How we solve the problem of multiple time zones
If you saw our descent timeline article, you’ll have noticed that we speak about different time zones (of course with acronyms!). If you’ve also been following the NASA coverage for MSL arrival at Mars, then you’ll see it gets even more confusing. In case you’re wondering what they all are, then we’re here to try and explain!
First of all, we have to deal with different time zones here on Earth – something you’ve no doubt experienced if you’ve taken a long distance flight.
Here at ESA’s operations centre, ESOC, in Germany, we use CEST – Central European Summer Time – the time zone most of Europe is on during the summer. Over at JPL in California, they are 9 hours behind, on PDT – Pacific Daylight Time – summer time for the west coast of the United States.
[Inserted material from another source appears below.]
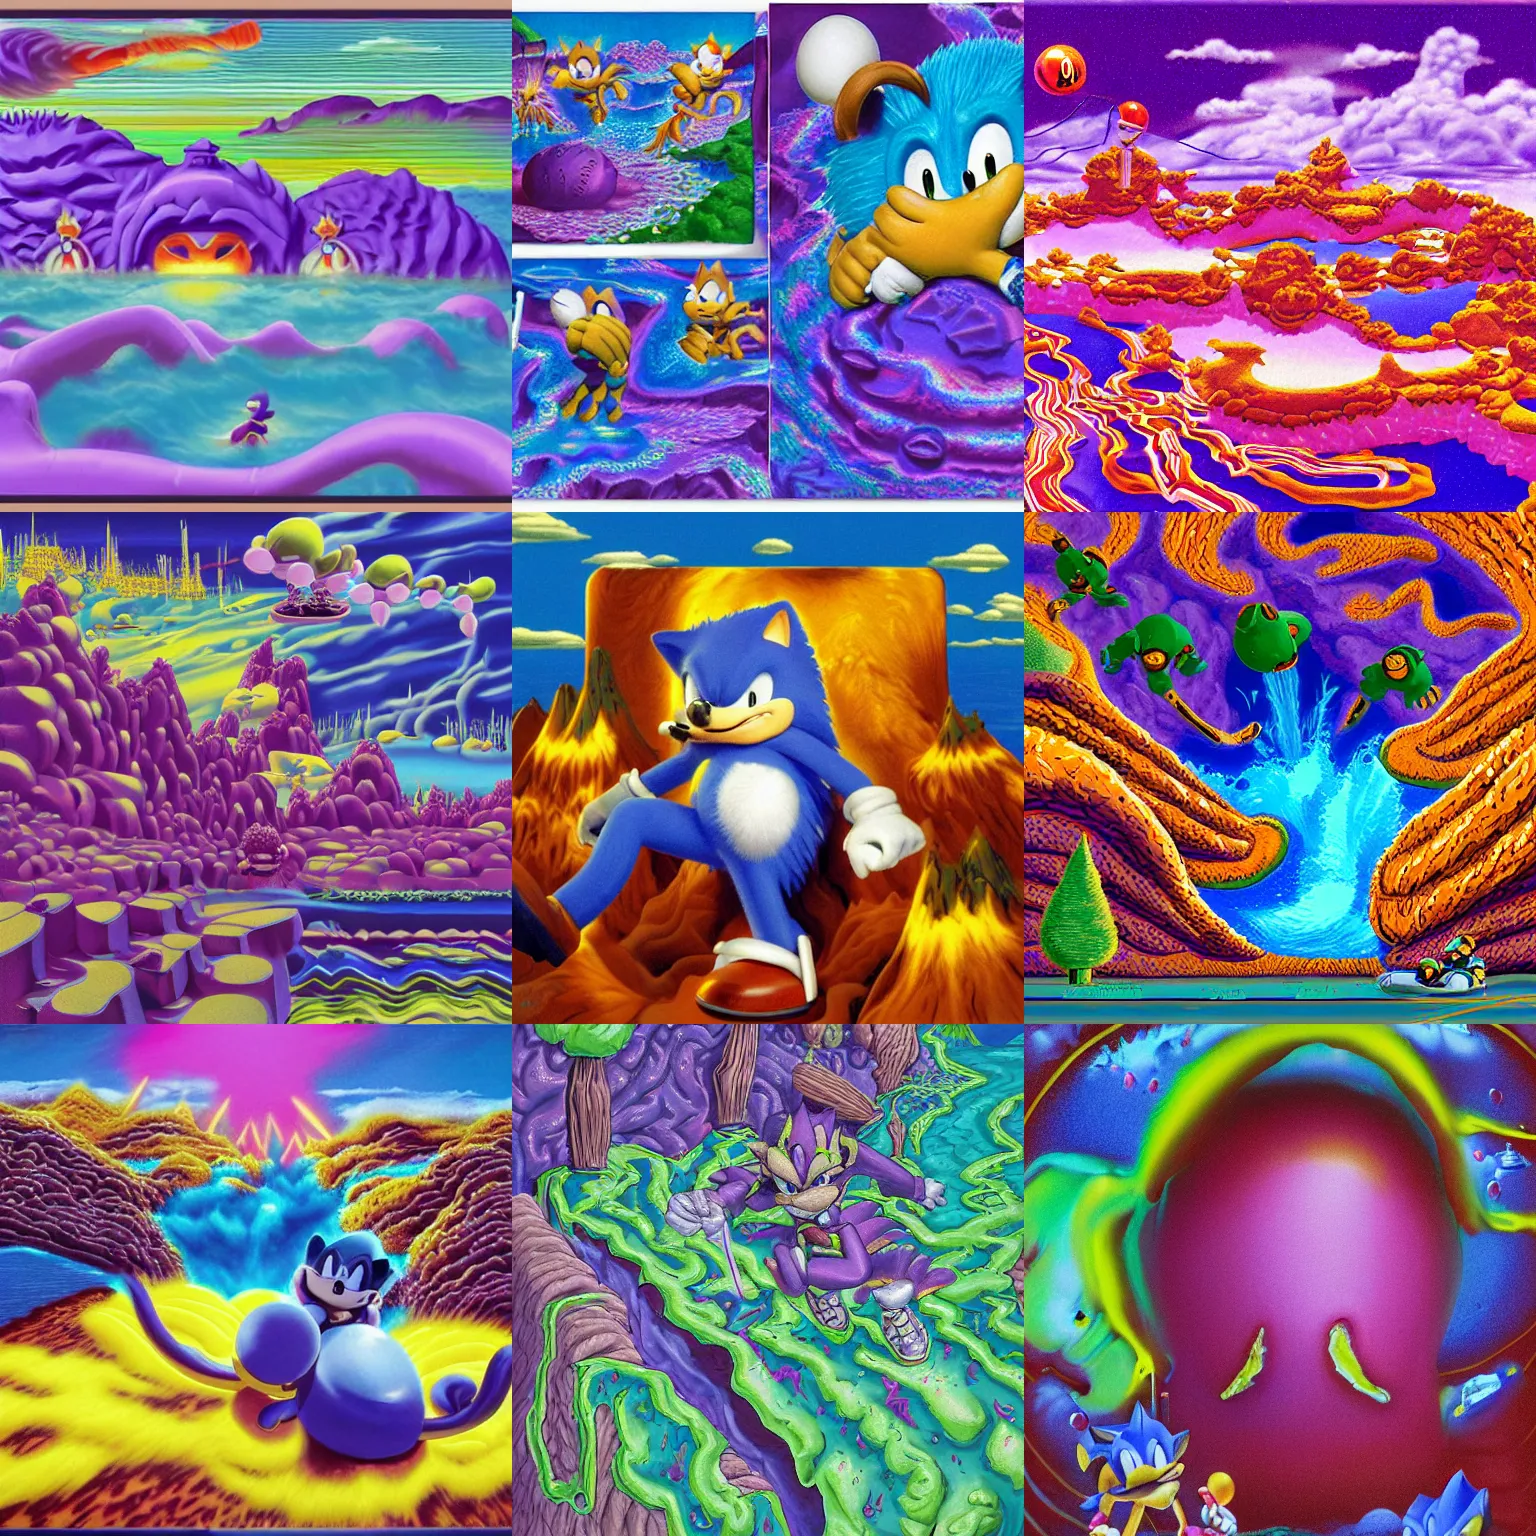 Prompt: dreaming of puffy closeup sonic hedgehog portrait colossal claymation scifi matte painting landscape of a surreal lava, retro moulded professional wooden pastels high quality airbrush art tawdry album peaceful of a liquid dissolving airbrush art lsd sonic the hedgehog swimming through cyberspace purple ambiguous checkerboard background 1 9 8 0 s 1 9 8 2 sega genesis video game album cover

This can get really confusing when agencies like ESA and NASA work together on time-critical activities like MSL landing. At NASA, Curiosity will land on 5 August – but here in Europe it’ll land on the 6th! So not only is the time of landing different, but it happens on a different day depending on where you are!
To solve these problems, the space industry (and many other organisations facing similar issues) use a standard time zone called UTC – Coordinated Universal Time.
This time zone was standardised in 1961 to allow our increasingly networked world to work better together. It represents GMT (Greenwich Mean Time), the zero reference for all time zones, but with no daylight savings time shift – so it never changes throughout the year.
At ESOC our short-hand for this time-zone is to put a letter ‘Z’ after the time, which is where UTC gets its nickname of “Zulu Time” (Z = Zulu in the phonetic alphabet).
So when Curiosity lands, Europe (CEST) will be 2 hours ahead of UTC and JPL (PDT) will be 7 hours behind. Thanks to UTC, though, we can coordinate and communicate pretty well together, allowing multiple agencies and nations around the world to work together on this important event.